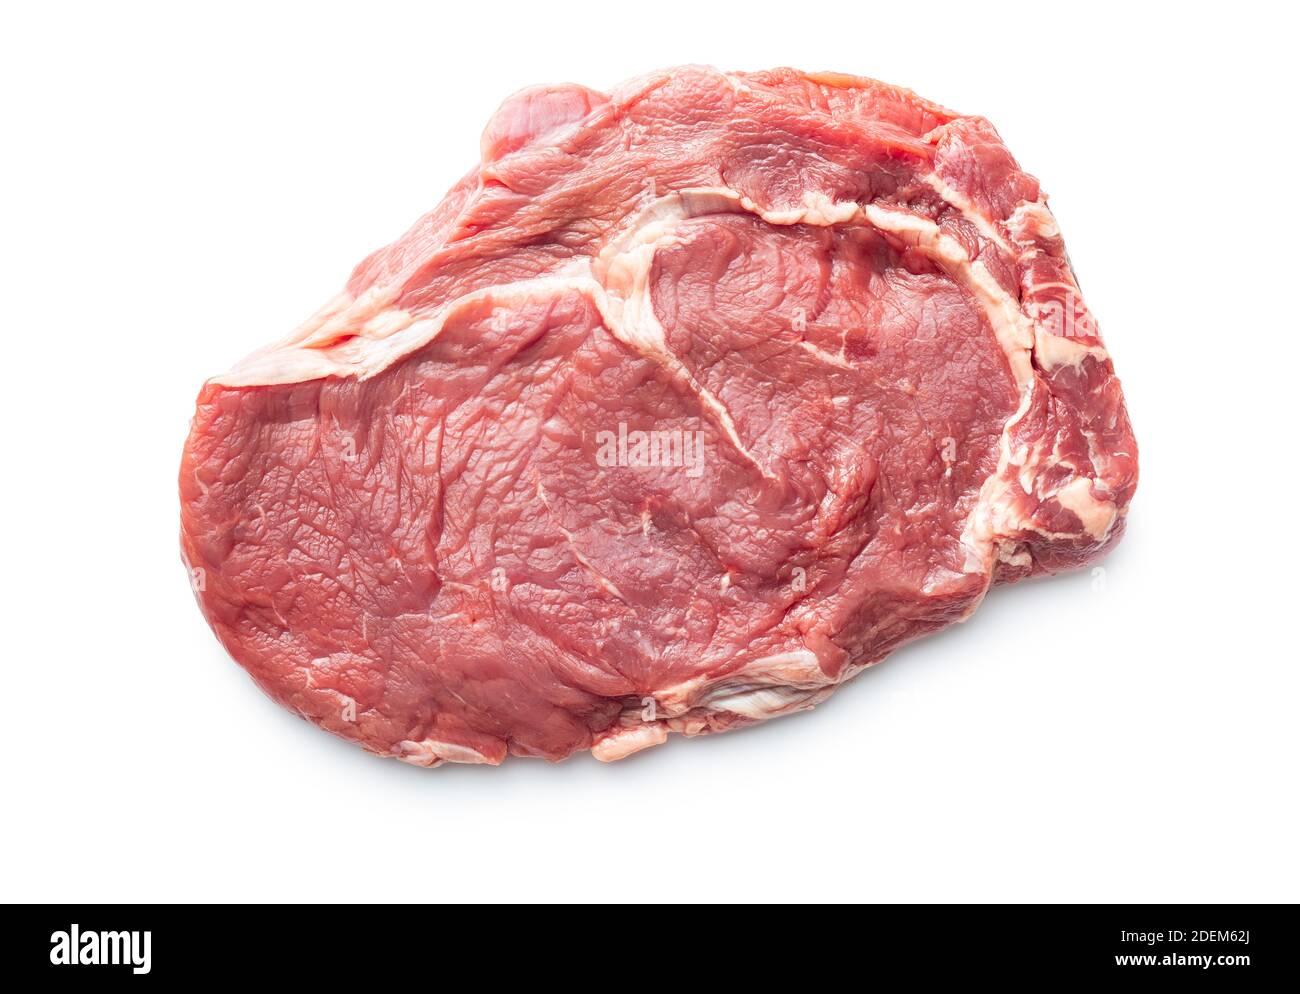 Steak de ribeye cru coupé en tranches, isolé sur fond blanc. Vue de dessus. Banque D'Images
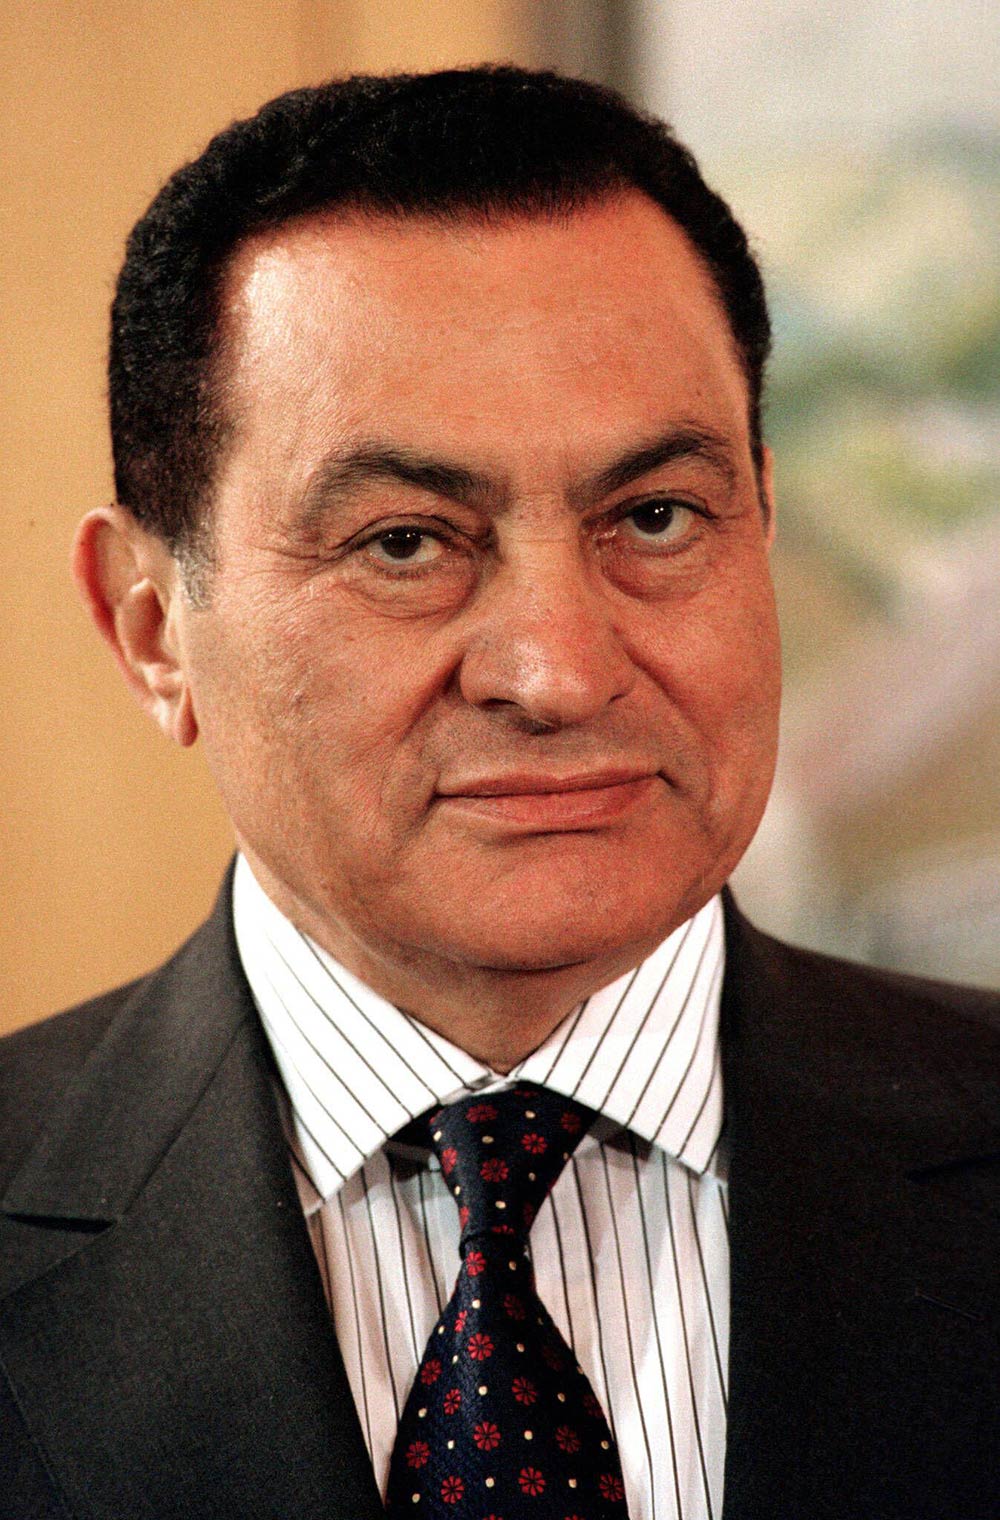 suisse-secrets/Hosni-Mubarak-Alamy.jpg
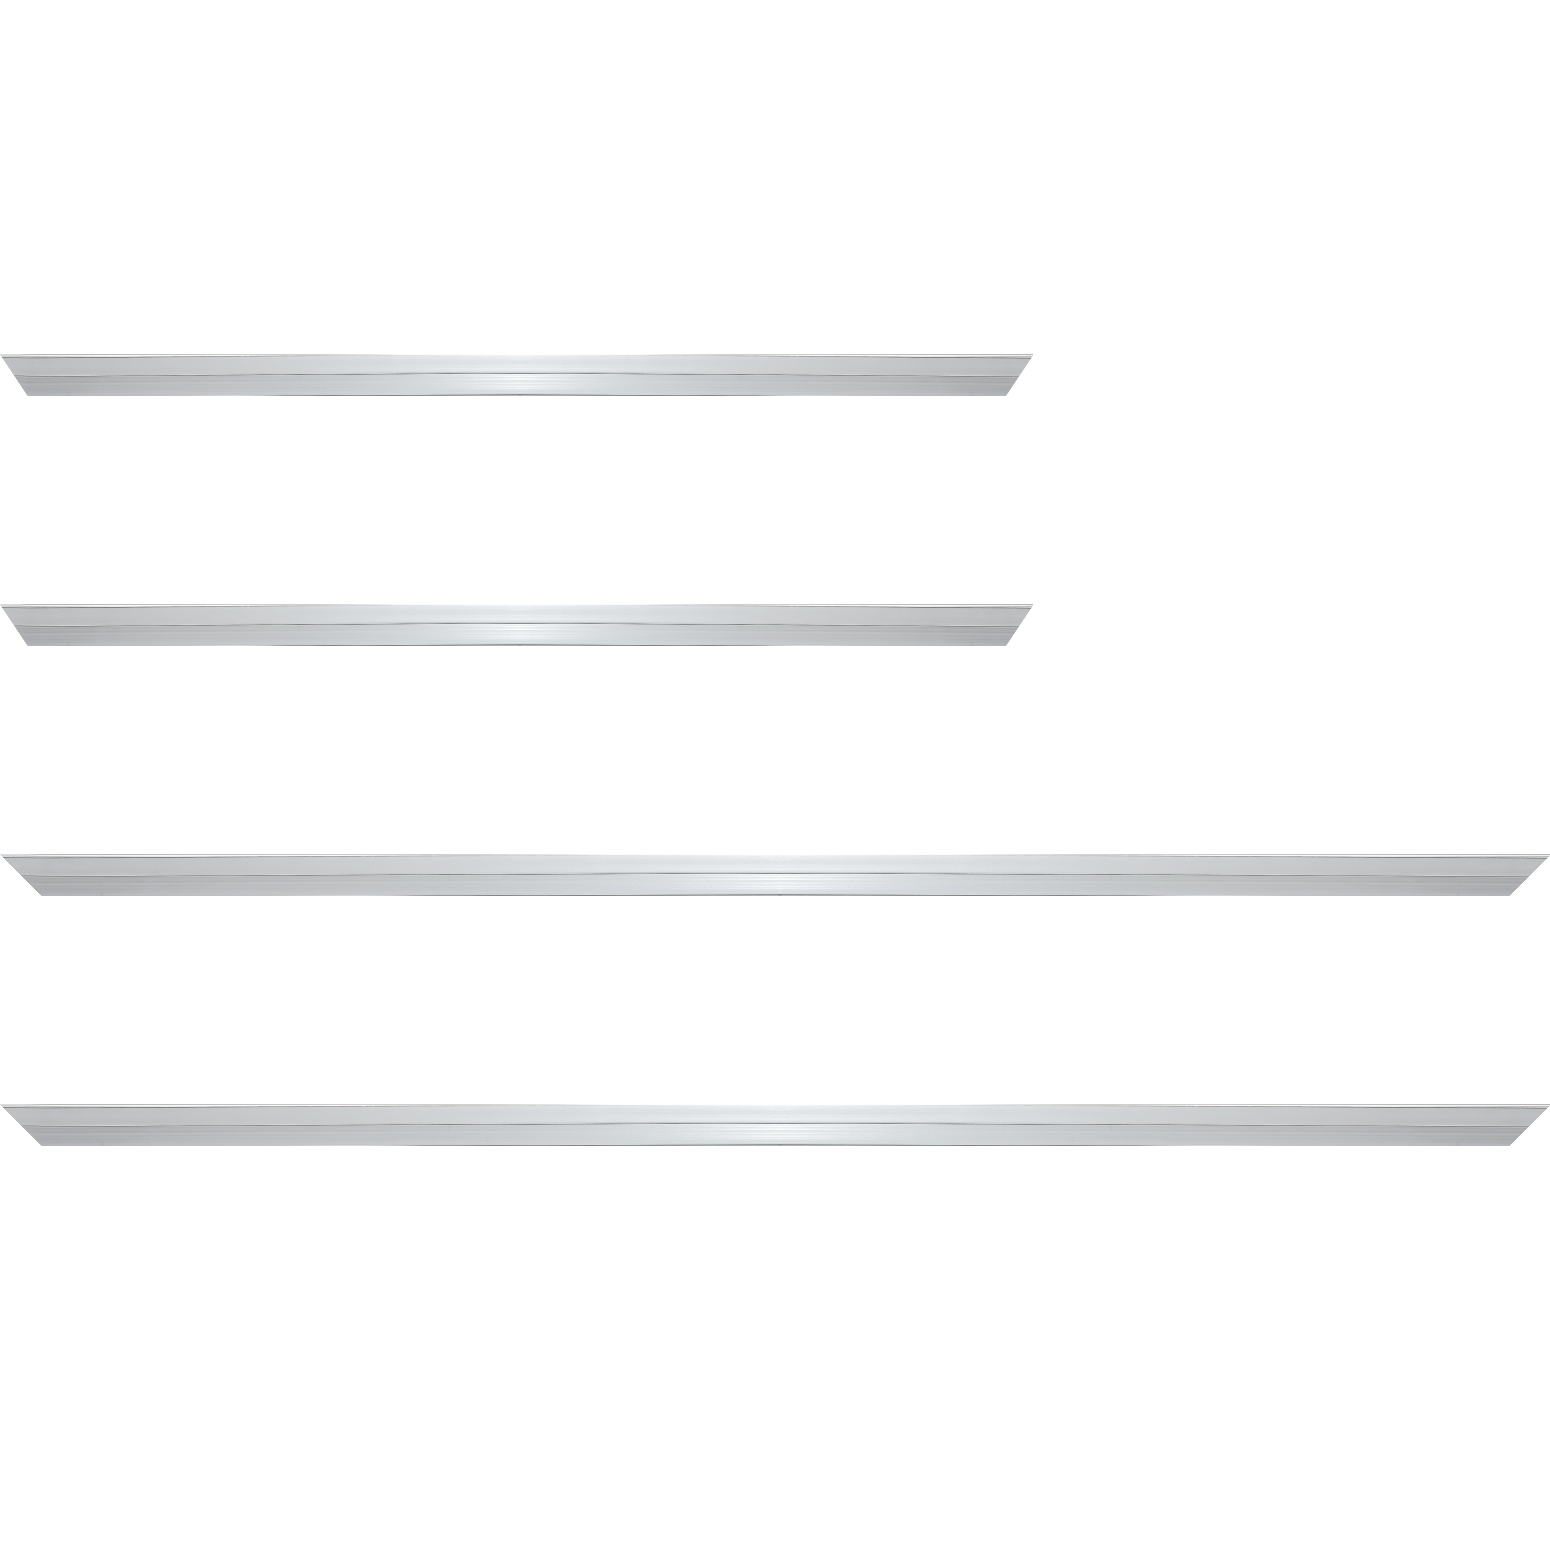 Baguette aluminium profil plat largeur 7mm, couleur argent poli ,(le sujet qui sera glissé dans le cadre sera en retrait de 9mm de la face du cadre assurant un effet très contemporain) mise en place du sujet rapide et simple: assemblage du cadre par double équerre à vis (livré avec le système d'accrochage qui se glisse dans le profilé) encadrement non assemblé,  livré avec son sachet d'accessoires - 28x34
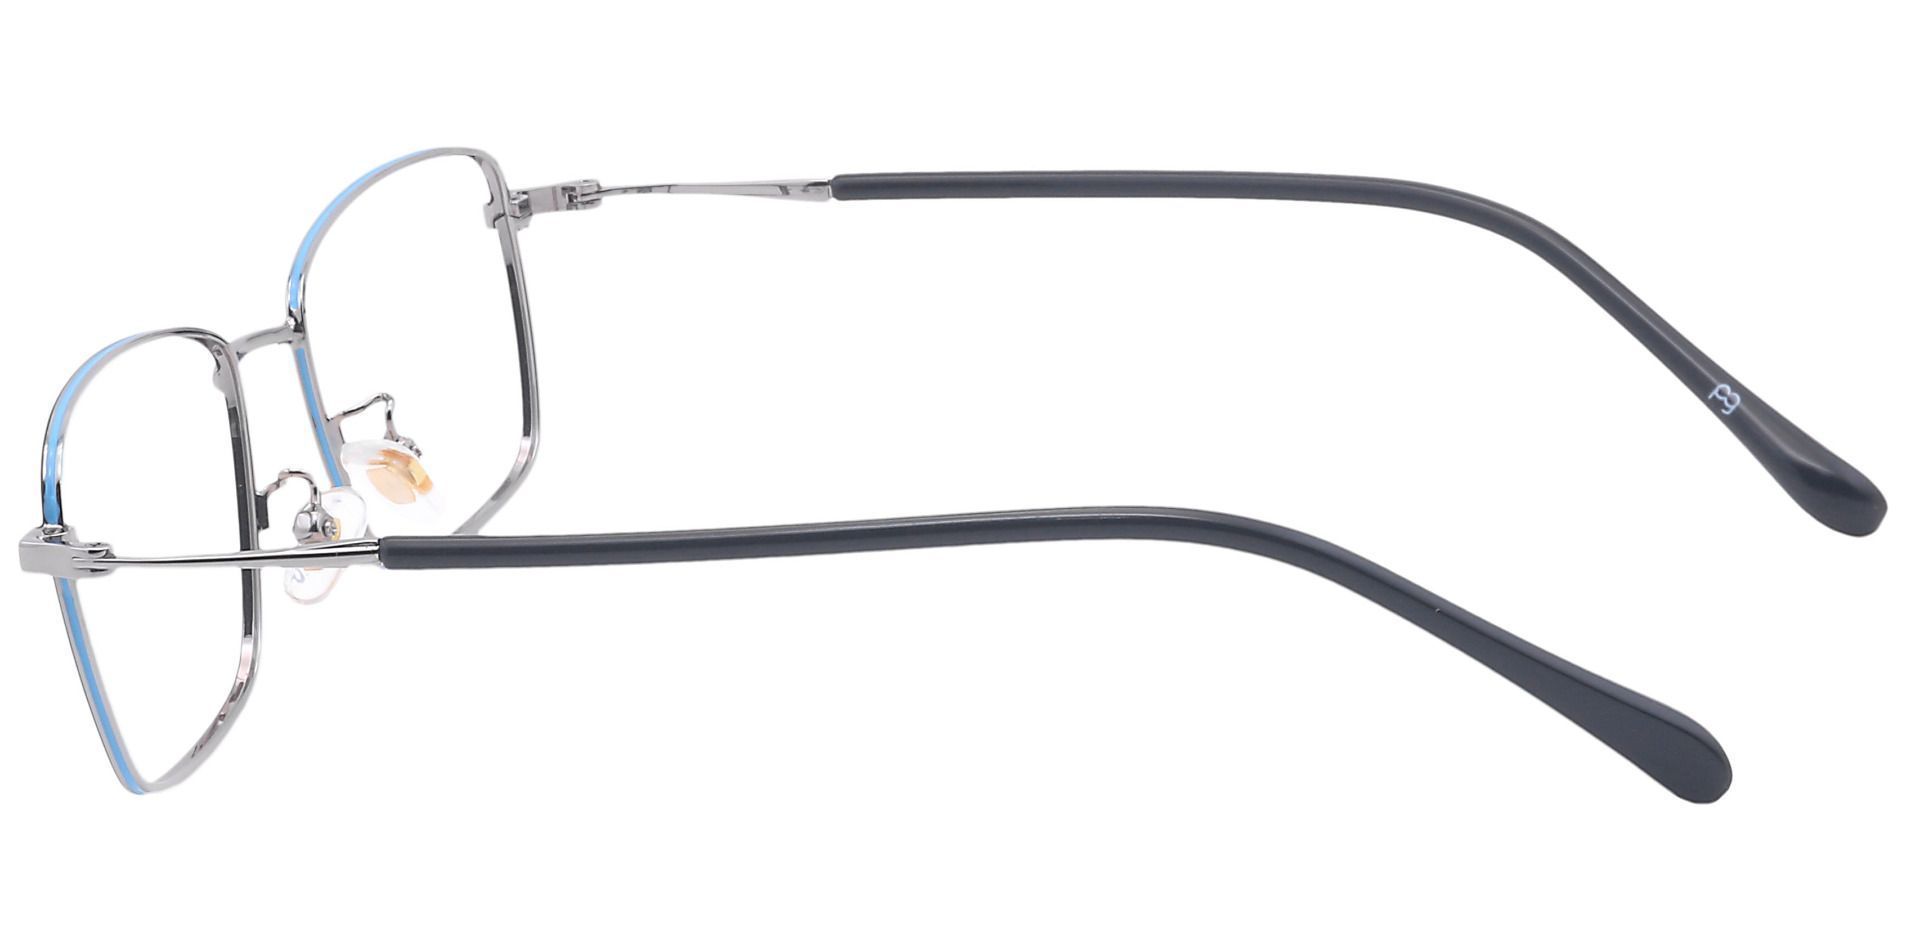 Diaz Rectangle Prescription Glasses - Clear
· · · ·
[What is being asked]
Quote the full listing above word for word; exclude every picture from the copy.

[Response area]
 Steak de ribeye cru coupé en tranches, isolé sur fond blanc. Vue de dessus. Banque D'Images
 suisse-secrets/Hosni-Mubarak-Alamy.jpg
 Baguette aluminium profil plat largeur 7mm, couleur argent poli ,(le sujet qui sera glissé dans le cadre sera en retrait de 9mm de la face du cadre assurant un effet très contemporain) mise en place du sujet rapide et simple: assemblage du cadre par double équerre à vis (livré avec le système d'accrochage qui se glisse dans le profilé) encadrement non assemblé,  livré avec son sachet d'accessoires - 28x34
 Diaz Rectangle Prescription Glasses - Clear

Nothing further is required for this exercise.